翠柳这句话中,带有挑衅,汤大掌柜抬眼,眼神也变的凛冽,翠柳知道,这做生意,是要过关的,一关关地过,而汤大掌柜才是自己要过的第一关,要汤大掌柜相信自己真的是翠能,要汤大掌柜相信,自己真的能做生意。
如此,才能让他们的本来面目露出来。
“能官,我托大说一句!”汤大掌柜觉得自己这句话,可能无意中透露了什么,急忙掩饰地说了这么一句,接着汤大掌柜才道:“做生意,亏本还是小事,这路上不太平,还有丢了命的。”
“说到劫道的,汤伯伯大概不晓得,今儿一大早我就接到一封信。是我三弟来的!”翠柳说话时候一直观察着汤大掌柜的神色,果真看见汤大掌柜神色变化,翠柳心中暗恨,但还是继续说下去:“三弟在信中说,昨日走到离城三十里地的地方,就遇到了劫道的,还要把三弟扔进河中,亏的遇到了人,三弟还说,这一回,竟是把他胆吓破了,以后就不来了。
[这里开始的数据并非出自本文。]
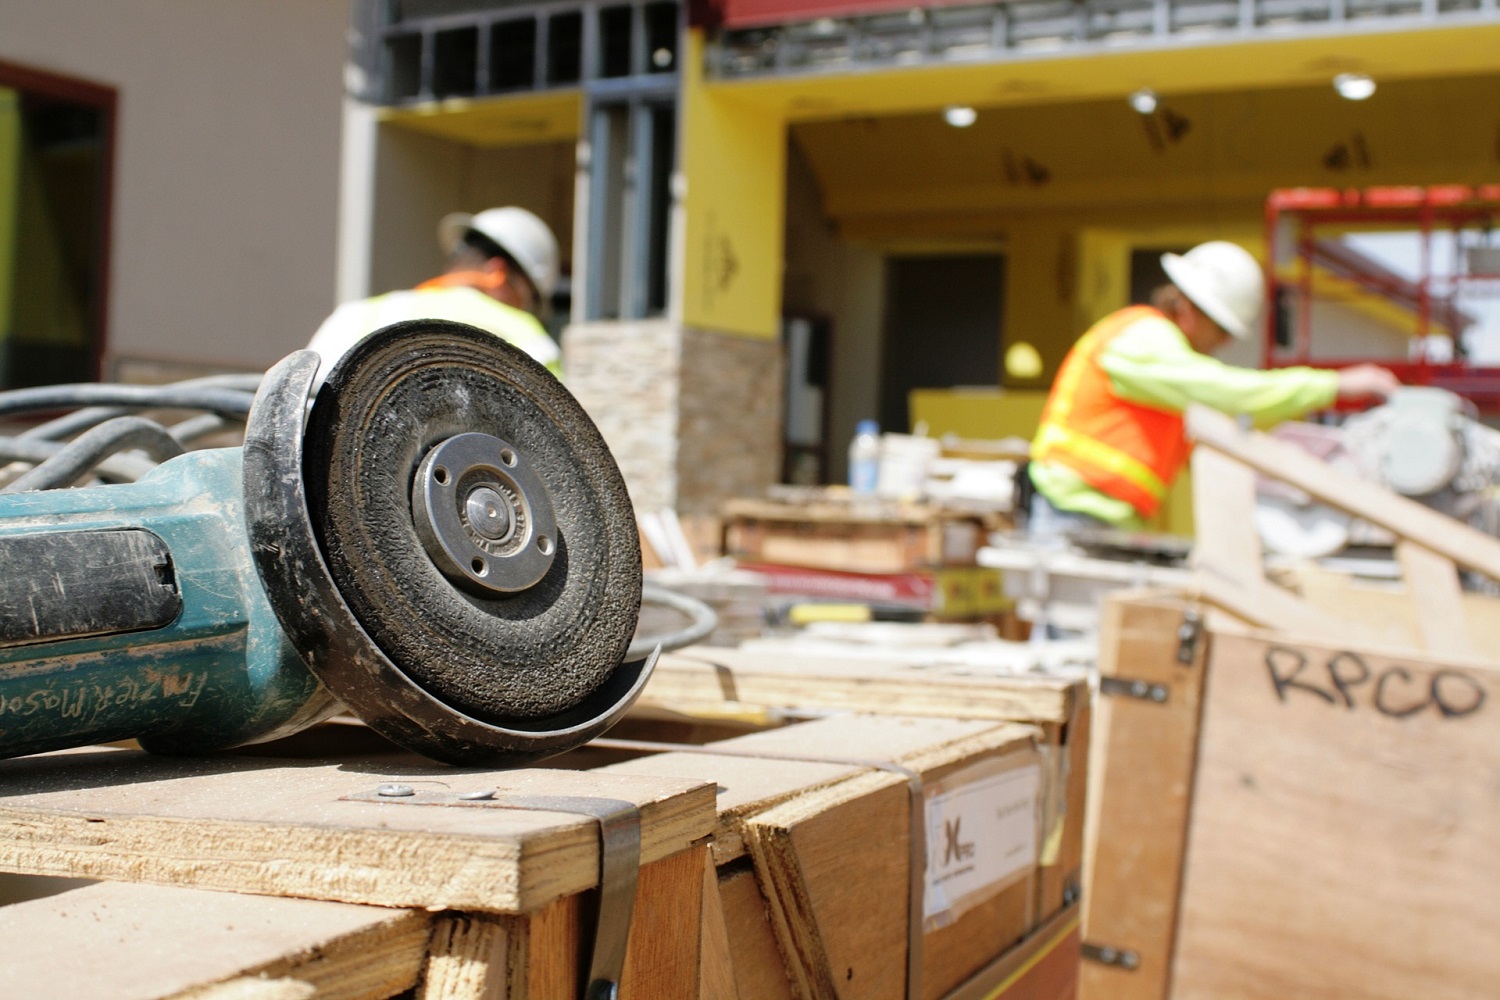 Construction health and safety – Keeping people safe during construction work

”
“那,报官了吗?”汤大掌柜别的不问,偏偏就问这一句,翠柳收起面上神色:“自然没有报官,毕竟贼人都跑远了,只是三弟说,此事似乎还有蹊跷,毕竟本城官员,这些年治下不错,为何青天白日竟然跑出这么一群劫道的?”
翠柳晓得,汤大掌柜也晓得,这是翠柳真正想要说的话,汤大掌柜开始收拾起心中对翠柳的轻视之心,不能再把她当做什么都不知道的,久病在床的废人了。
汤大郎心中也同样这样想,他从小和翠柳他们一起玩耍,是记得翠能幼时,是个聪明孩子,这样的人,如果身子好了,那他想要做什么,会不会危及自家?汤大郎想起自己父亲做过的那些事,想要提醒但又不知道怎么提醒,只能笑着说:“大爷,厨下已经备好了饭,不如我们先用饭,边吃边聊?”
看来,这汤大郎对汤大掌柜做的事情,也是十分清楚的。翠柳在心中下着判断,只微微点头:“也好,我们也好仔细聊一聊!”
第十六章
汤大郎唤来管家,不消一会儿,桌上已经摆满了菜肴,汤大掌柜这才站起身:“能官儿,请!”
“汤伯伯请!”翠柳仔细瞧着汤大掌柜的做派,见他这样不由肚内暗笑一声,却也站起身含笑说着,谁知这汤大掌柜就真的径自在首座坐下,并不再谦让一下。
翠柳的眉头微微一皱,汤大郎已经上前打圆场:“江大爷,虽说是些粗茶淡饭,这些饭菜,却是你昔日爱吃的。”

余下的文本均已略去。